EL ICONO DE LA TRINIDAD DE ANDREI RUBLEV
A lo
largo de los siglos los teólogos han intentado adentrarse en el misterio de la
Trinidad, los santos lo han vivido, los místicos lo han gustado, pero fue
Andrei Rublev quien logró el mejor intento de pintarlo, para introducir en él
al pueblo cristiano. Su icono de la Trinidad es un compendio de teología
trinitaria que se ofrece a la mirada de la fe.
La
palabra ícono (o icono) es de origen griego, y significa “imagen”. Pero en la
tradición cristiana oriental, el ícono es mucho más que “un cuadro”: el ícono
es “como un sacramento”, en cuanto que –desde lo visible – quiere introducirnos
en el misterio invisible de Dios. Por eso, al ícono se lo venera, como la
imagen sagrada que es. Y, sobre todo, el ícono es camino hacia la contemplación.
En
este caso, el icono está inspirado en la visita de “el Señor” a Abraham junto
al encinar de Mambré. A través de esa escena del Antiguo Testamento se abre
todo un campo de simbología teológica que nos conduce hasta Dios Padre, Hijo y
Espíritu Santo.
En
primer lugar podemos ver la escena en general, tenemos Tres Personas sentadas
en torno a una mesa con una copa en medio. La Persona central resalta –además
de su posición – por el intenso rojo de su túnica que contrasta fuertemente con
el azul del manto (rojo: verdadero hombre; azul: verdadero Dios): es el Hijo de
Dios. Viene de un largo camino, por eso el cuello de su túnica está ligeramente
descolocado, una estola dorada cae sobre su hombro derecho. Está mirando hacia
su derecha, hacia Dios Padre que está vestido con una túnica azul casi
totalmente cubierta por un manto semitransparente. Está como recibiendo al
recién llegado, su postura es de reposo. A la derecha tenemos al Espíritu
Santo, cruzado por el bastón que sostiene con la mano izquierda. La mano
derecha casi parece apoyarse en la mesa para levantarse. La túnica es azul,
como en el caso de las otras dos Personas, pero el manto es de un verde igual
al del suelo sobre el que se apoyan los bancos en que están sentados los Tres.
El
azul de las túnicas representa la divinidad de las Tres Personas, iguales y
distintas a la vez.

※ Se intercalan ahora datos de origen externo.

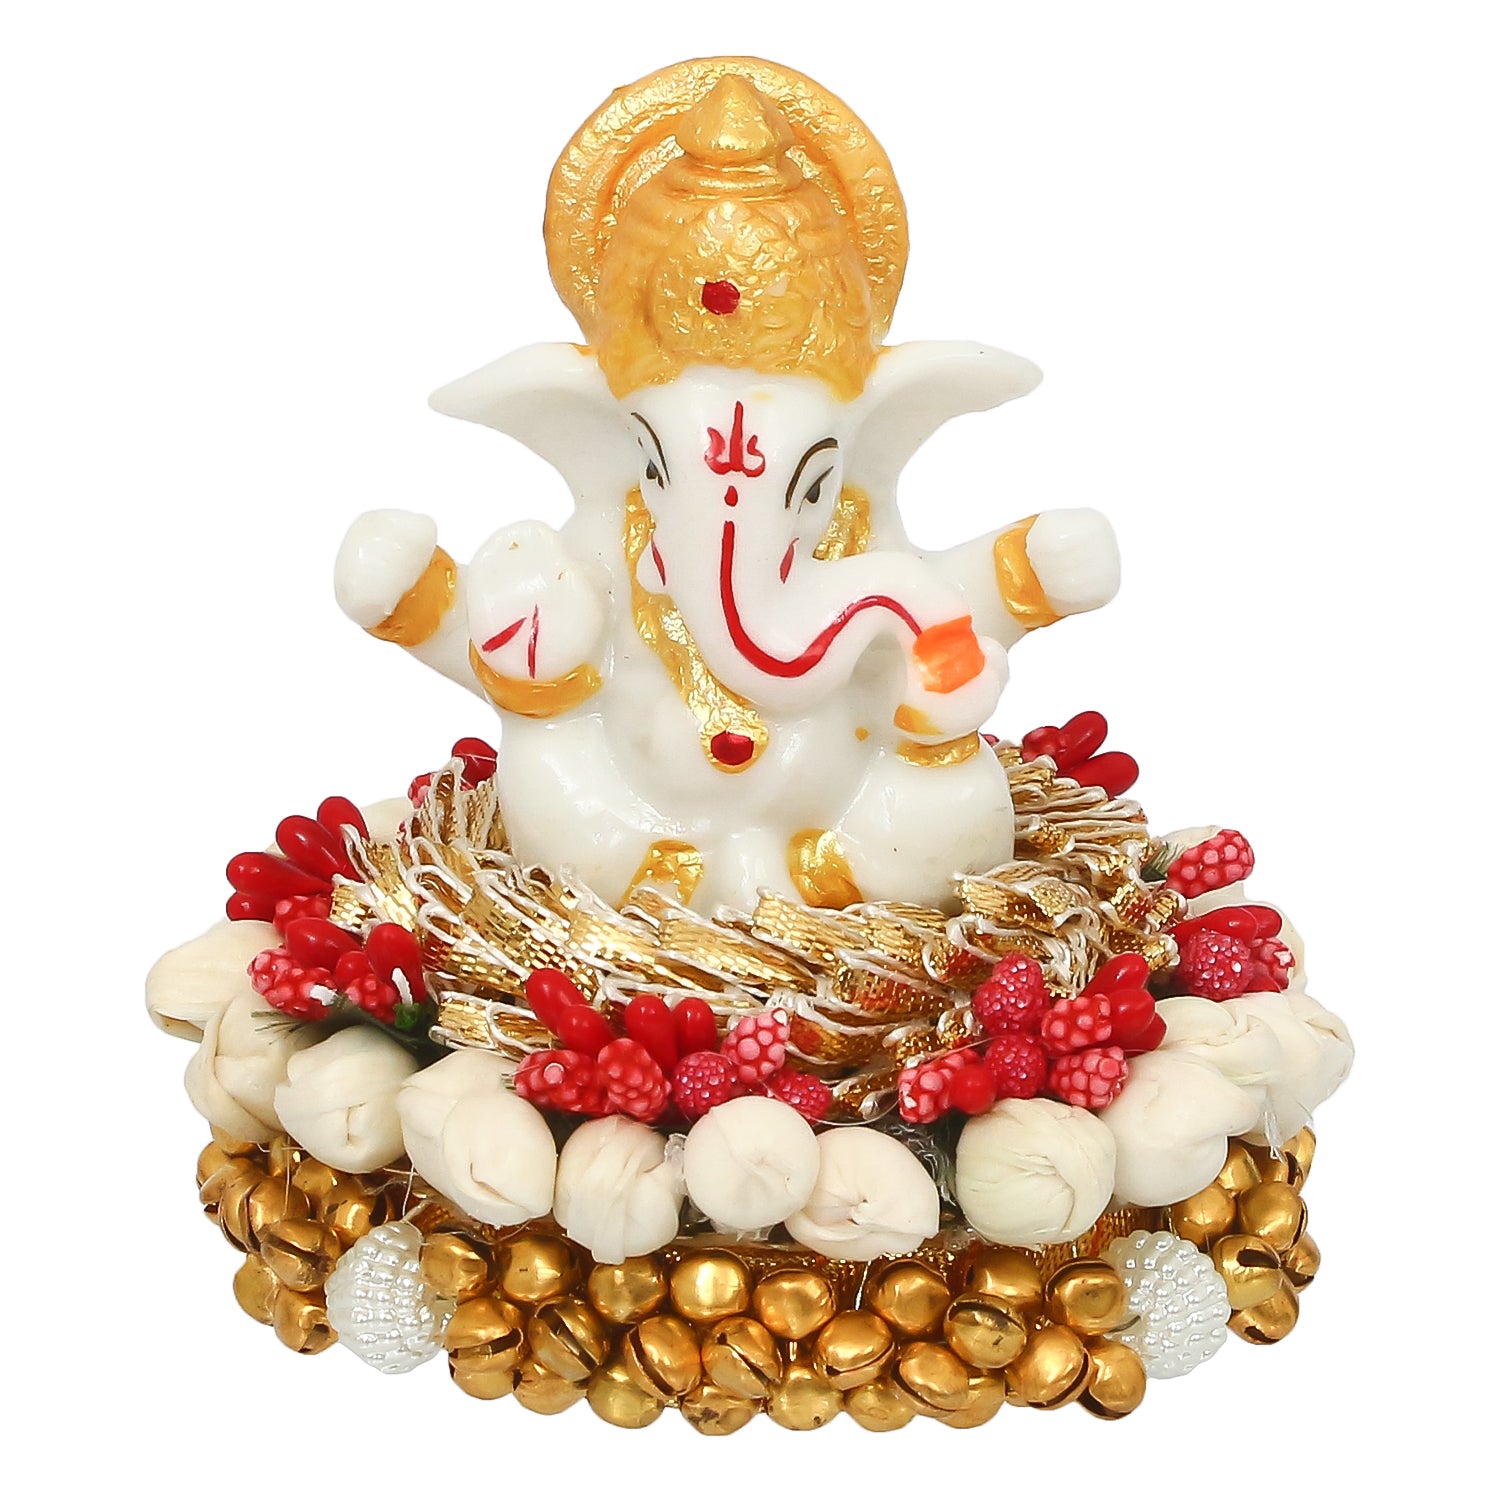 Polyresin Ganesha Idol on Decorative Handcrafted Plate for Home and Car Dashboard 1

En el Padre, el azul casi no se ve, pues “a Dios nadie le
ha visto jamás”; y el azul está cubierto por un manto que tiene una multitud de
colores: dorado, plateado, azul, rojo, ocre, amarillo, tintes nacarados: es
como un arco iris, lo cual evoca que el Padre “es la fuente y el origen de toda
la divinidad”. En el Hijo, el azul se combina con el púrpura y muestra el misterio
de su amor hasta la muerte. En el Espíritu Santo, el azul se combina con el
verde (color que también tiene el suelo, a sus pies): es el “Señor y
vivificante” que da vida a toda la creación. Además, en el Espíritu, el azul
–que es la divinidad – se acerca al suelo, derramándose sobre la creación como
una cascada.
El Hijo tiene su cabeza vuelta hacia el Padre,
que es quien lo engendró; el Espíritu Santo tiene su cabeza vuelta hacia el
Hijo y el Padre, pues procede del Padre y del Hijo. El Padre tiene la cabeza
erguida, el Hijo algo inclinada, y el Espíritu Santo un poco más inclinada aún,
indicando estas mismas relaciones de origen.
Las
Tres Personas tienen un rostro muy semejante, para representar su igualdad. Otro elemento que muestra la igualdad de las
Tres Personas Divinas, es el hecho de –si unimos con líneas los dos extremos de
la mesa, con la cabeza de la Persona del Hijo, que está en el centro- obtenemos
un triángulo equilátero.
Por
otra parte, el rostro del Espíritu Santo se dirige –con mirada atenta– al rectángulo
que está en el frente de la mesa: el rectángulo representa al mundo (que tiene
cuatro puntos cardinales, cuatro estaciones y –según el pensamiento antiguo –
cuatro elementos: agua, fuego, tierra y aire: el cuatro es el símbolo del
mundo, como el tres es el símbolo de Dios).
Las
Personas muestran figuras esbeltas: el cuerpo es catorce veces el tamaño de la
cabeza, en lugar de siete veces (que es la dimensión normal).
Hay
un movimiento que parte del pie derecho de la Persona de la derecha, continúa
en la inclinación de su cabeza, pasa a la Persona central, arrastra irresistiblemente
el cosmos: la roca, el árbol, y se resuelve en la posición vertical de la
Persona de la izquierda, donde entra en reposo, como en un receptáculo... un
hogar.
Y
vemos que, si bien el mundo está más acá de Dios, como un ser de naturaleza
diferente, al mismo tiempo está incluido en el círculo sagrado de la comunión
de la Trinidad como nos enseña San
Pablo, cuando dice que “en Dios vivimos, nos movemos y existimos”
El
cuadro se puede dividir en dos zonas, una rectangular superior, donde se ven
una casa, un árbol y una montaña. Son signos de las grandes realidades
religiosas del Antiguo y del Nuevo Testamento. La casa es el lugar de la
presencia de Dios en medio de su pueblo (el Templo en el Antiguo Testamento;
Jesús –y la Iglesia – en el Nuevo Testamento; y también la Casa del Padre, en
el cielo futuro), el árbol es el lugar de la prueba (la prueba que vence al
hombre en el árbol del bien y del mal del que come Adán y aquella en la que el
hombre sale vencedor en el árbol de la cruz) la montaña es el lugar de la ley
(la que dio Moisés en el Sinaí y la nueva ley de Jesús en el sermón del monte);
y también donde Elías percibió al Señor como “el susurro de una brisa suave”,
ámbito de misterio: la elevación, el éxtasis, el aliento de los espacios y de
las cumbres proféticas. Entonces, por una parte, el fondo del cuadro es una representación
simbólica que, de algún modo, intenta abarcar toda la historia de la salvación.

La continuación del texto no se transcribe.